Bhandari Uma, Kumar Vinay, Kumar Parveen, Tripathi C D, Khanna Geetika
Department of Pharmacology, Faculty of Pharmacy, Hamdard University, New Delhi, India.
Indian J Med Res. 2015 Nov;142(5):598-605. doi: 10.4103/0971-5916.171290.
BACKGROUND & OBJECTIVES: Cardiomyocyte apoptosis is one of the pathologic phenomena associated with diabetes and related conditions including obesity, insulin resistance and hyperlipidaemia. In the present study, the protective effects of pioglitazone on cardiomyocyte apoptosis was evaluated in experimental diabetes induced by low dose of streptozoticin (STZ) combined with high fat diet (HFD) in rats.

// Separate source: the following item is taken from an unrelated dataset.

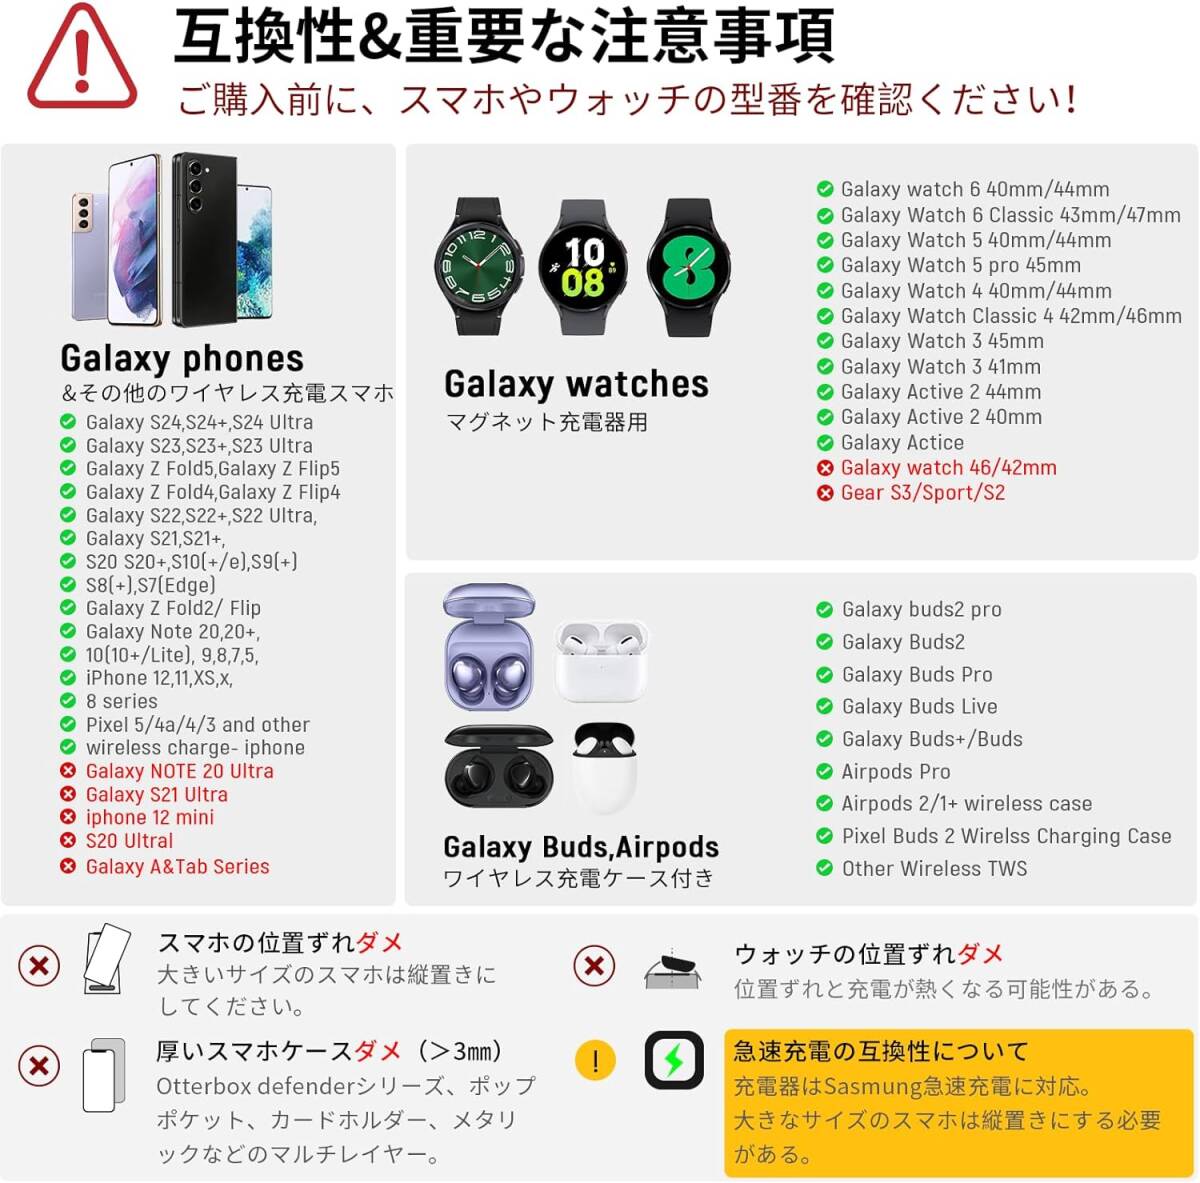 3in1 ワイヤレス充電器 目覚まし時計付き Galaxy S24 ~ S7, Note 20 ~ 8, Galaxy watch 6/5/3/active2/active, Galaxy Buds ブラック_画像5

Male Wistar rats (150-200 g) were injected with low-dose STZ (45 mg/kg, i.v., single dose) and orally fed with a HFD (20 g/day/rat) for a period of 28 days and simultaneously treated with pioglitazone (20 mg/kg/p.o.) for a period of 21 days (from 8 th day to 28 th day). On 29 th day blood was collected, serum separated and used for biochemical parameters. Heart tissue was used for cardiomyocyte apoptosis measurement and also for histopathological examination.
Pioglitazone treatment resulted in a decrease in cardiomyocyte apoptosis as revealed by a decrease in cardiac caspase-3, lactate dehydrogenase (LDH) levels and DNA fragmentation, and an increase in Na+K+ATPase levels in diabetic rats. Cardiac histology of diabetic control rats showed dense focal fatty infiltration in the myocardial cells whereas normal architecture with regular morphology and well preserved cytoplasm was observed with pioglitazone treatment. Pioglitazone treatment significantly reduced the heart rate, mean arterial blood pressure, body mass index (BMI) and levels of serum glucose, leptin, insulin, HOMA-IR, total cholesterol (TC) and triglycerides (TGs), apoliproprotein-B glycosylated haemoglobin (HbA1c) levels and atherogenic index, and increased the levels of serum high density lipoprotein cholesterol (HDL-C) and cardiac antioxidant enzymes.
INTERPRETATION & CONCLUSIONS: The present study results suggest that pioglitazone possesses cardiac anti-apoptotic potential in diabetic rat model and can be further explored for its use for treatment of diabetic cardiomyopathy.
心肌细胞凋亡是与糖尿病及包括肥胖、胰岛素抵抗和高脂血症在内的相关病症有关的病理现象之一。在本研究中,在低剂量链脲佐菌素(STZ)联合高脂饮食(HFD)诱导的实验性糖尿病大鼠中评估了吡格列酮对心肌细胞凋亡的保护作用。
雄性Wistar大鼠(150 - 200克)静脉注射低剂量STZ(45毫克/千克,单剂量),并口服高脂饮食(20克/天/大鼠)持续28天,同时用吡格列酮(20毫克/千克/口服)治疗21天(从第8天至第28天)。在第29天采集血液,分离血清并用于生化参数检测。心脏组织用于心肌细胞凋亡检测以及组织病理学检查。
吡格列酮治疗导致糖尿病大鼠心肌细胞凋亡减少,表现为心脏半胱天冬酶 - 3、乳酸脱氢酶(LDH)水平降低以及DNA片段化减少,同时钠钾ATP酶水平升高。糖尿病对照大鼠的心脏组织学显示心肌细胞有密集的局灶性脂肪浸润,而吡格列酮治疗组观察到形态正常、结构规则且细胞质保存良好的正常结构。吡格列酮治疗显著降低了心率、平均动脉血压、体重指数(BMI)以及血清葡萄糖、瘦素、胰岛素、HOMA - IR、总胆固醇(TC)和甘油三酯(TGs)、载脂蛋白B糖化血红蛋白(HbA1c)水平和动脉粥样硬化指数,并提高了血清高密度脂蛋白胆固醇(HDL - C)水平和心脏抗氧化酶水平。
本研究结果表明,吡格列酮在糖尿病大鼠模型中具有心脏抗凋亡潜力,可进一步探索其用于治疗糖尿病心肌病的用途。